How to create compassion at work using meditation
Scientific research has proven that mindfulness is a powerful catalyst for compassion. In fact, compassion is one of the number one benefits of meditation.
Loving Kindness Meditation (Metta) is one of the best meditation techniques for creating compassion. This simple technique heightens empathy and compassion in as little as twenty minutes. The result is increased understanding and healthier communication. It’s a technique all leaders should use at least once a week.
Another fantastic exercise for compassion is mindfulness. This is a simple technique that is about being aware of the way we are feeling.
Too much stress at work is caused by mindlessness.
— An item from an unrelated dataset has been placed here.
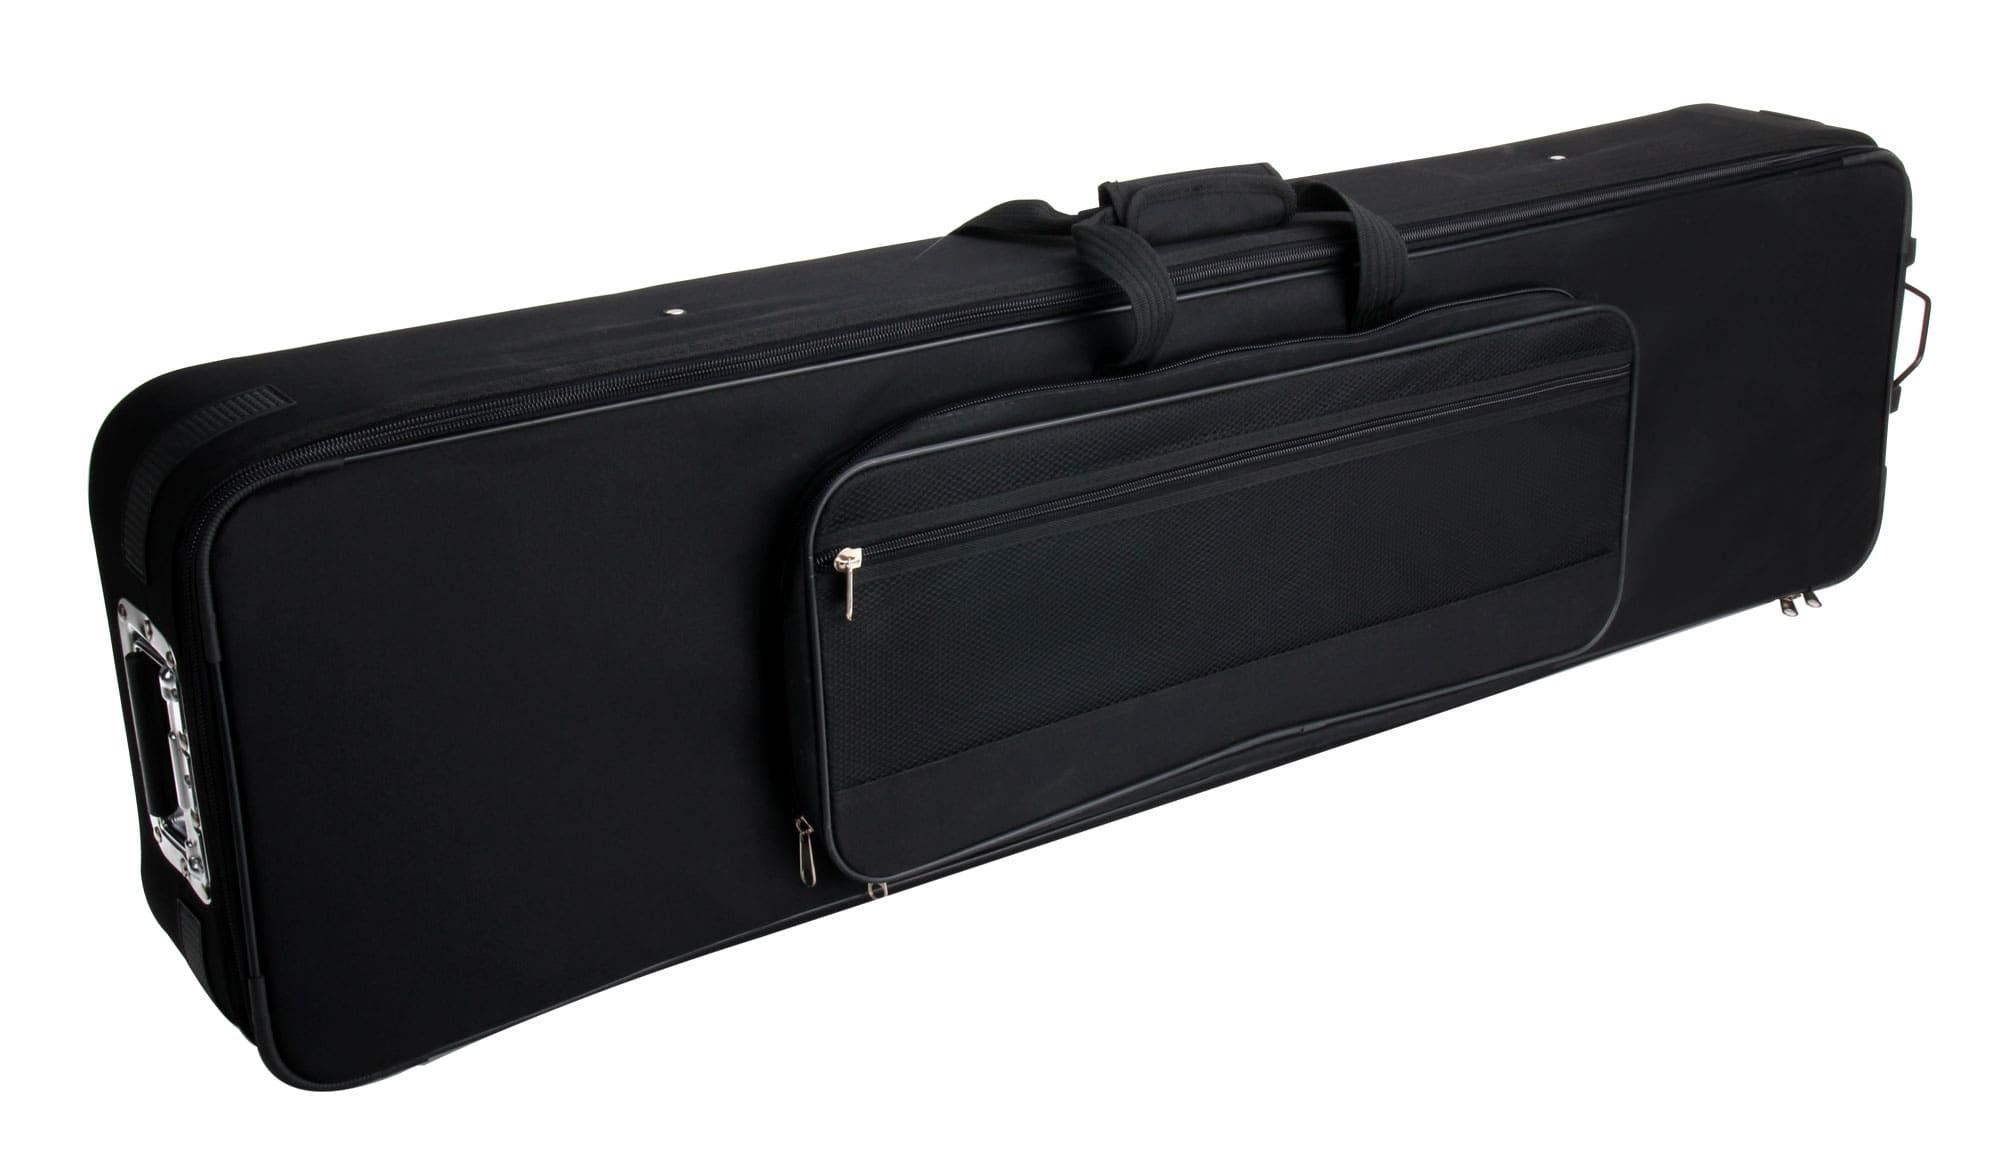 Zubehoerkeyboards - Classic Cantabile KHT 135 Keyboard Hardtrolley - Onlineshop Musikhaus Kirstein

When one employee or boss feels pressured and isn’t aware of how their feelings are influencing their behaviour, the result is headaches and stress for everyone. This can be remedied easily enough. By simply being mindful of the emotion and saying to ourselves “I’m feeling stressed and it’s affecting me” we can take control of the situation.
This is essential for bosses who let their stress effect their employees. All it takes is one moment to say,
“I feel stressed. I’m not going to let this effect my workers”. And this simple strategy can remove a lot of the stress from the workplace for everyone.
Mindfulness helps employees to be happy at work
While a bad boss can cause a lot of stress, it’s important that we be fair. Not all stress at work is caused by the boss. A lot of it is on the rest of us.
Just as the boss puts pressure on themselves to perform well, and can lack self compassion and be too hard on themselves, so can employees.
Self compassion is key.
In fact, self compassion is so important that I wrote a complete (free) guide to how you can use meditation to create self compassion.
What does it mean to have self compassion at work?:
- Accepting your mistakes and being gentle in your criticism
- Recognising when you need a break and taking it
- Not putting unreasonable expectations on yourself
Stop stress at work by encouraging compassion
Lack of self compassion in leaders or bosses causes them to put unfair pressure on employees. Employees then feel the need to live up to unreasonable expectations They then lack self compassion themselves when they miss the mark.
So what’s the answer?
- Practice self compassion
- Be compassionate to other people at work
- Accept mistakes
- Be gentle in criticism
- Control your own mind.
- Don’t let your emotions effect others at work
- Above all, aim for empathy, understanding, and compassion.